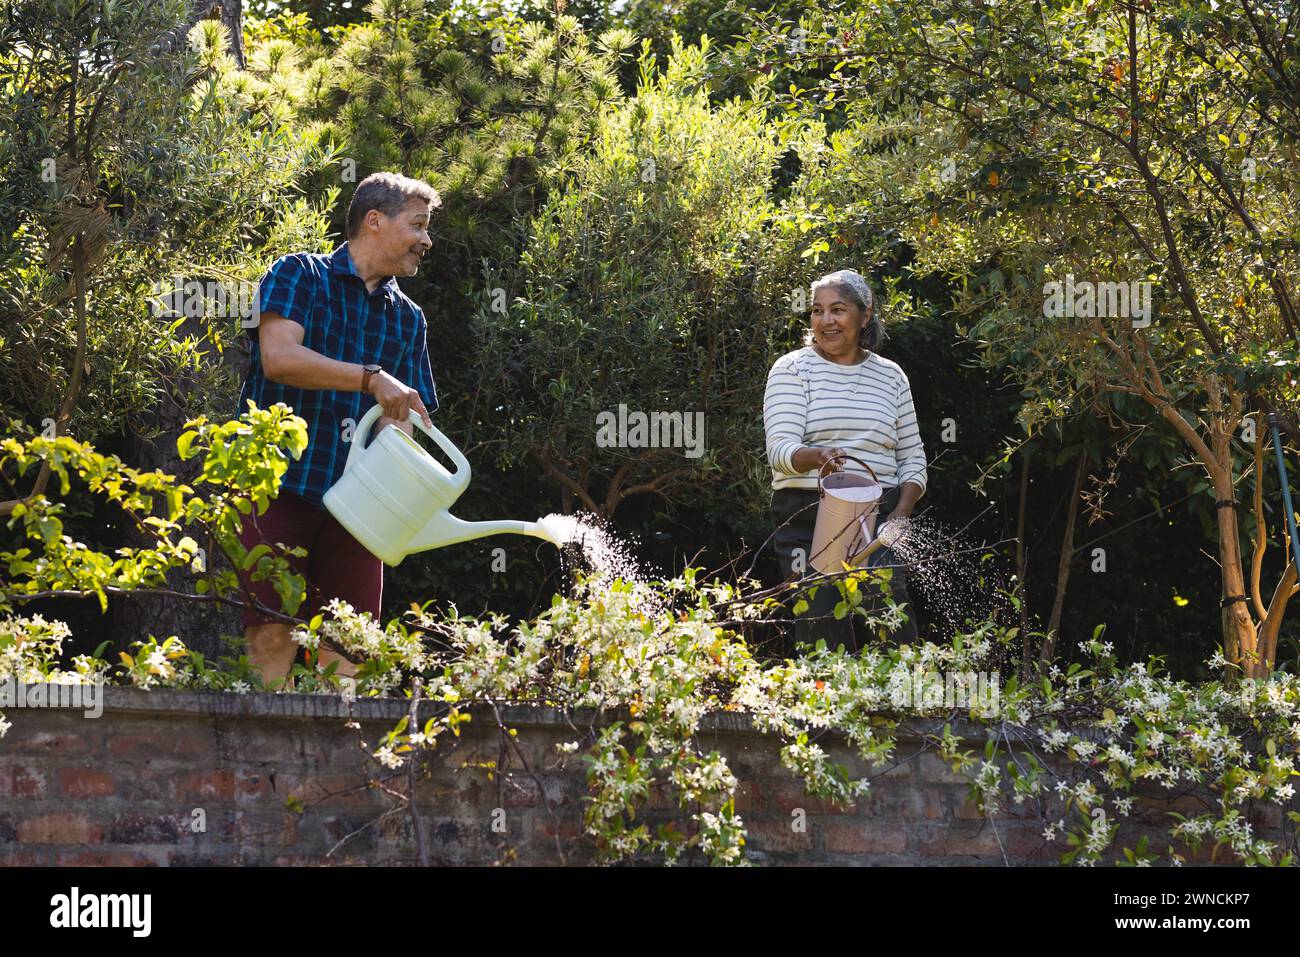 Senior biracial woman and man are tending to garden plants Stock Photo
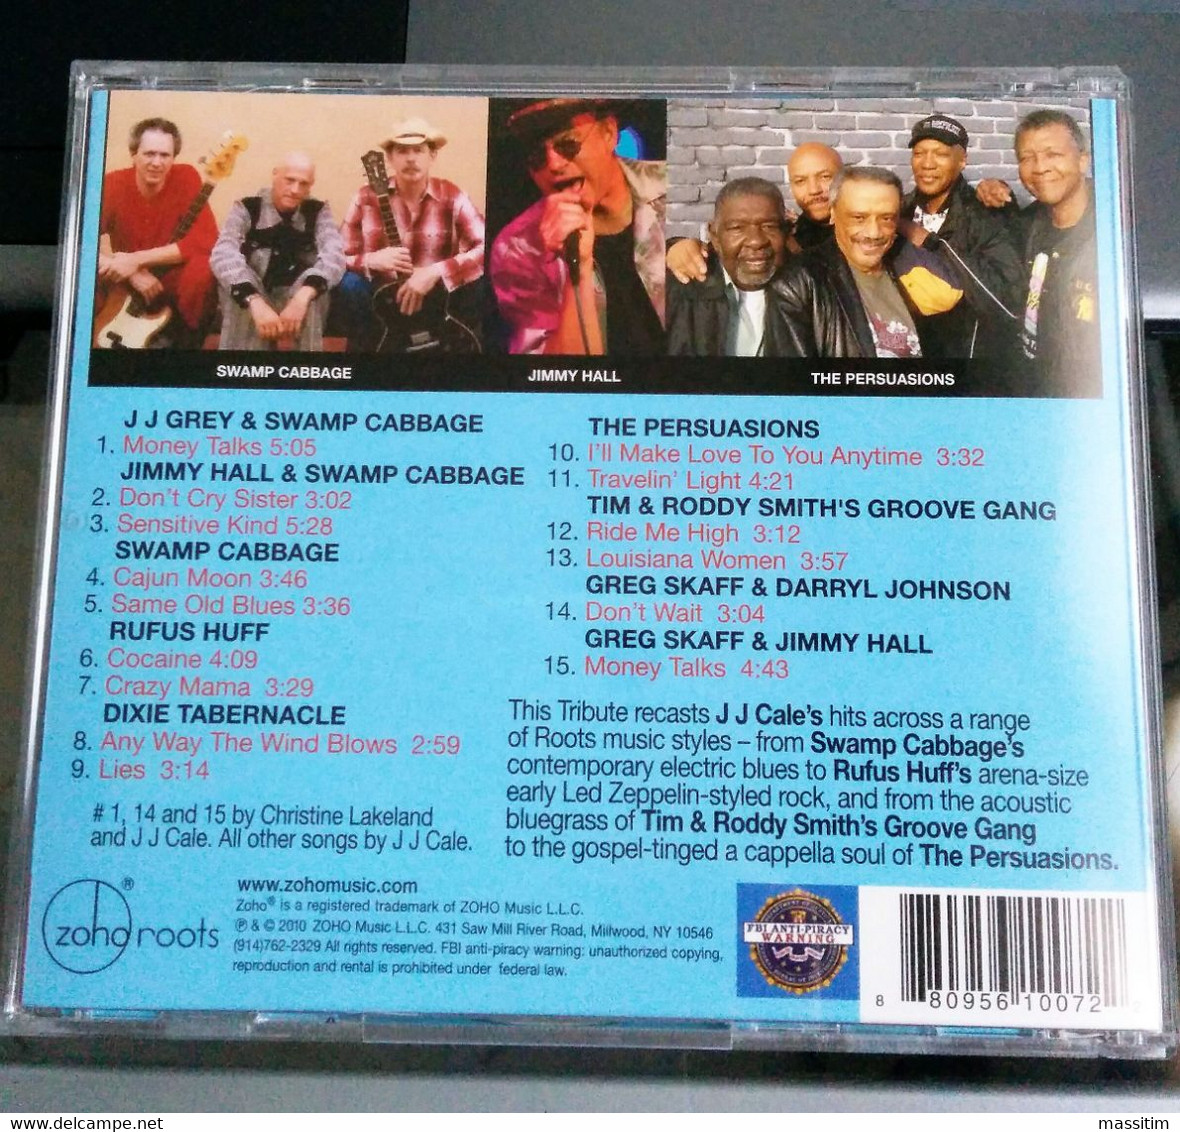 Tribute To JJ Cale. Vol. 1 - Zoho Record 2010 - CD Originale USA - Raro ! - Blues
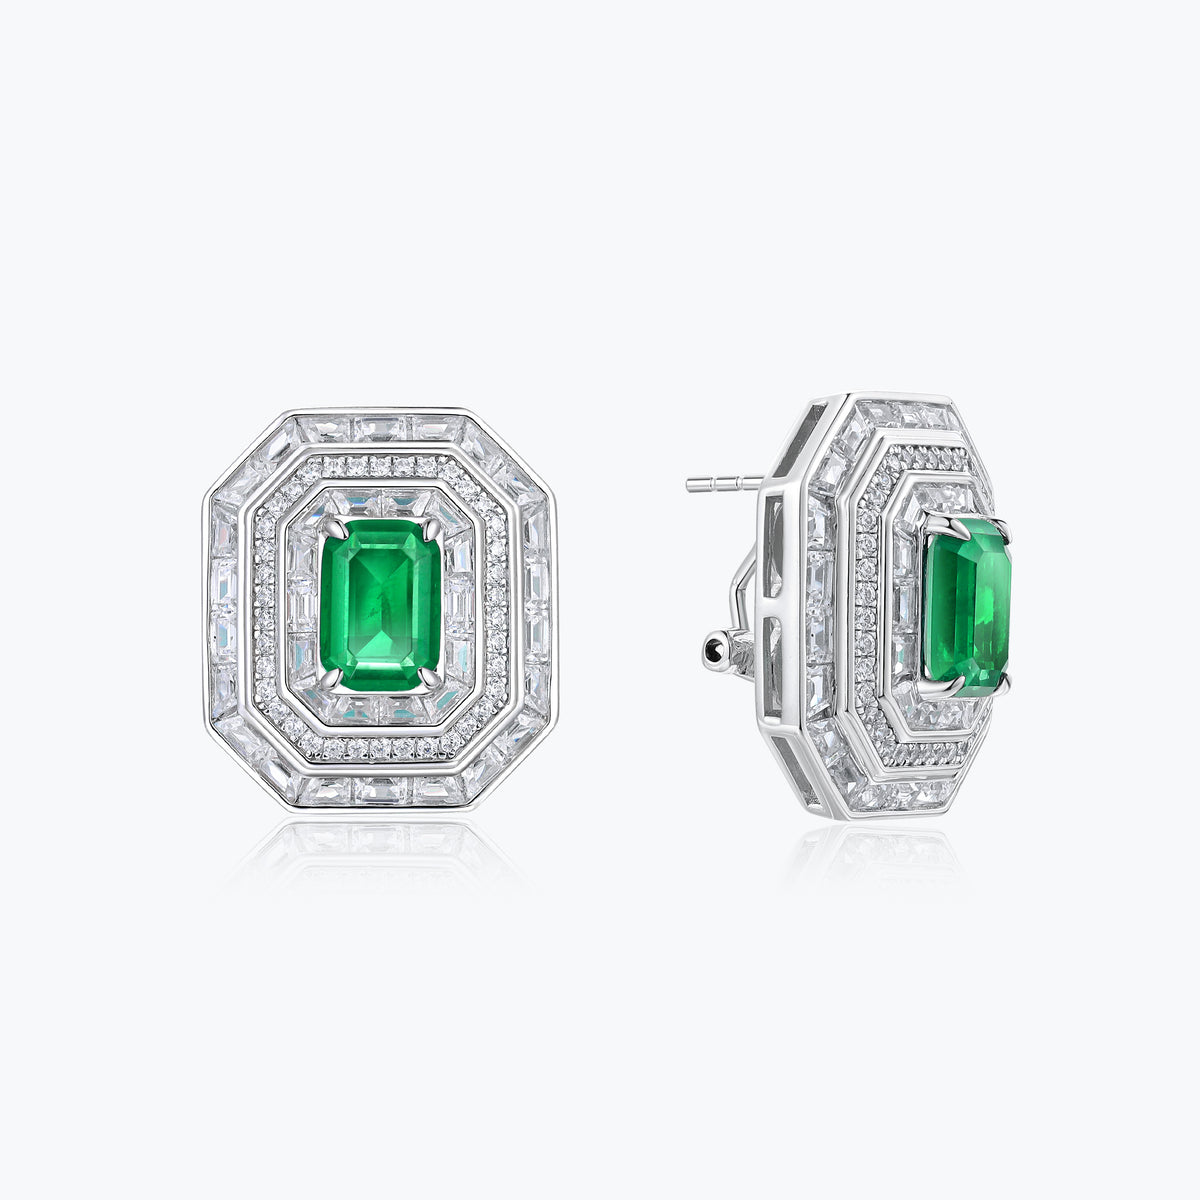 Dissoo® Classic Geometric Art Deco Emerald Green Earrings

--------------------------------------------------

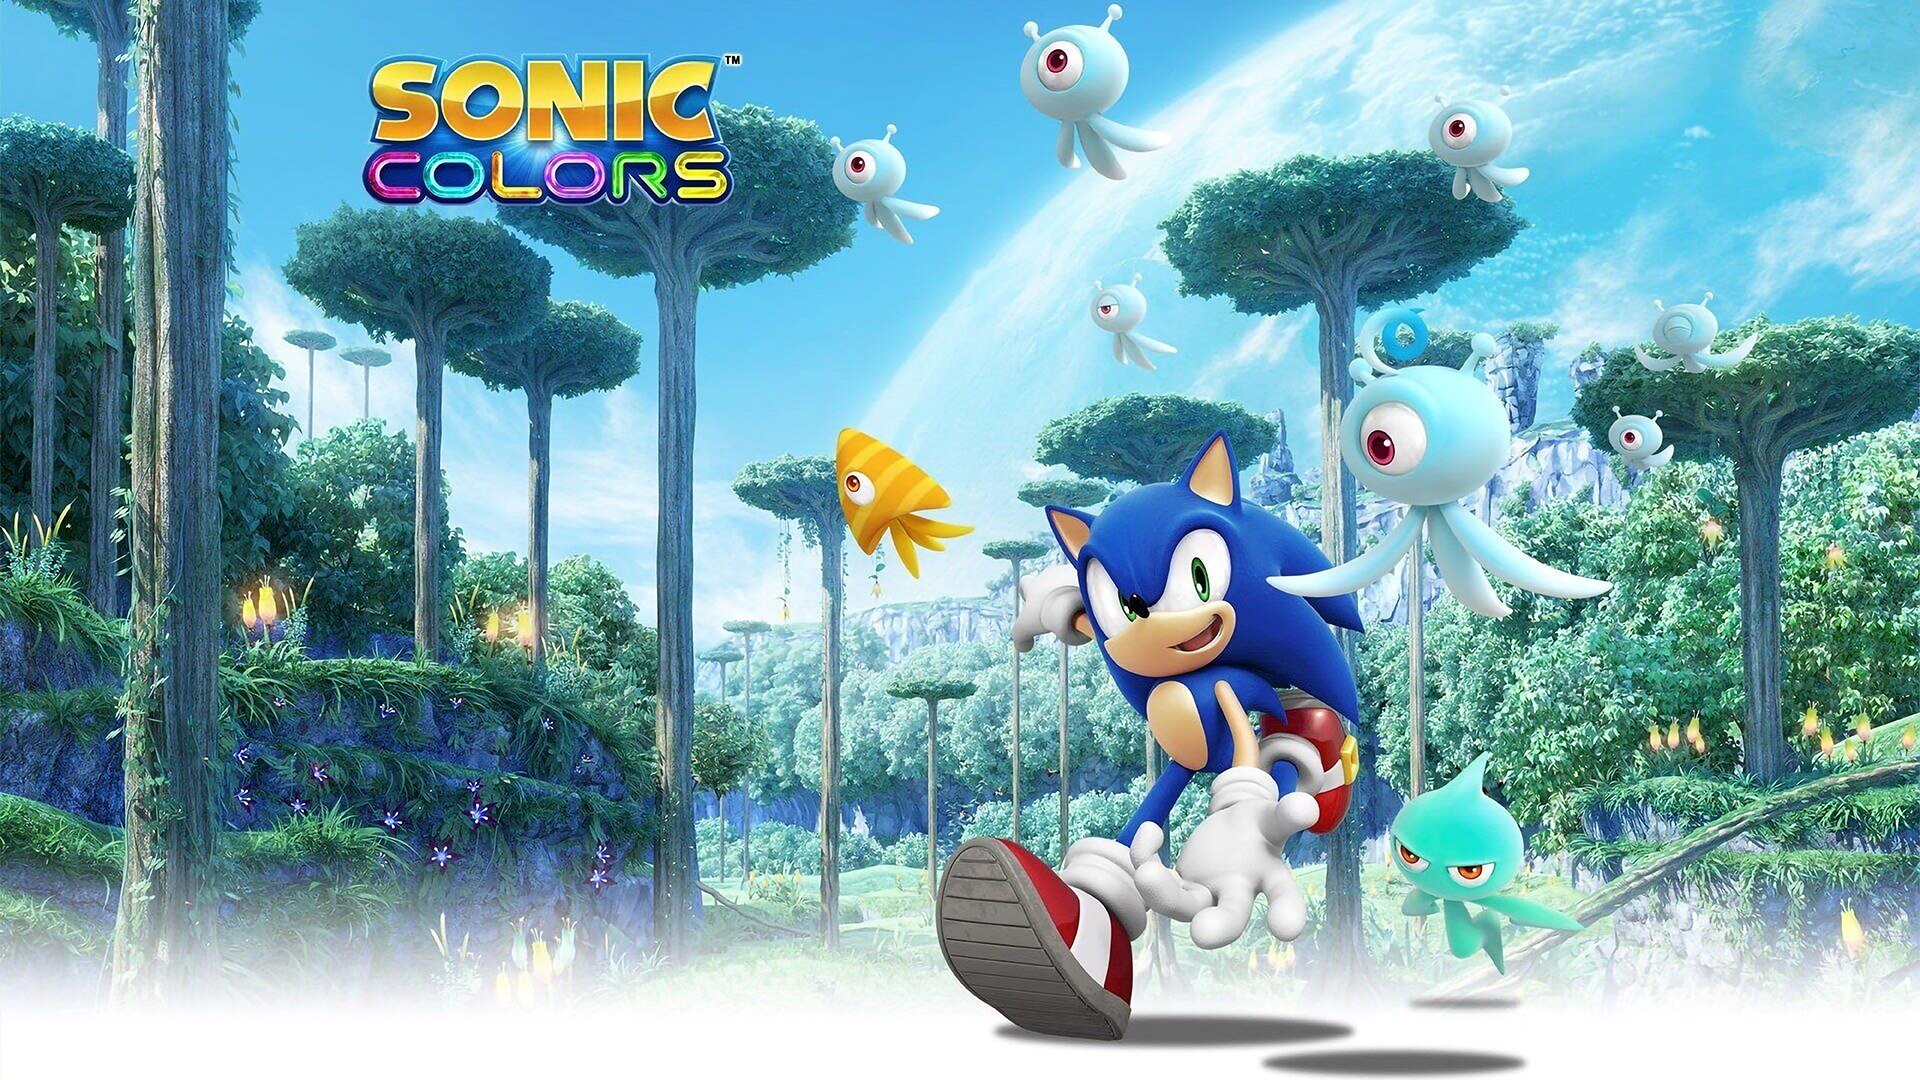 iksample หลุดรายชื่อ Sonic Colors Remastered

--------------------------------------------------

> Directions for this task
Extract from the material above the stretch running from the line containing "Tribute To JJ" through the line containing "Dissoo® Classic Geometric". Keep the text exact and the pictures out.

> Expected output
 Tribute To JJ Cale. Vol. 1 - Zoho Record 2010 - CD Originale USA - Raro ! - Blues
 Dissoo® Classic Geometric Art Deco Emerald Green Earrings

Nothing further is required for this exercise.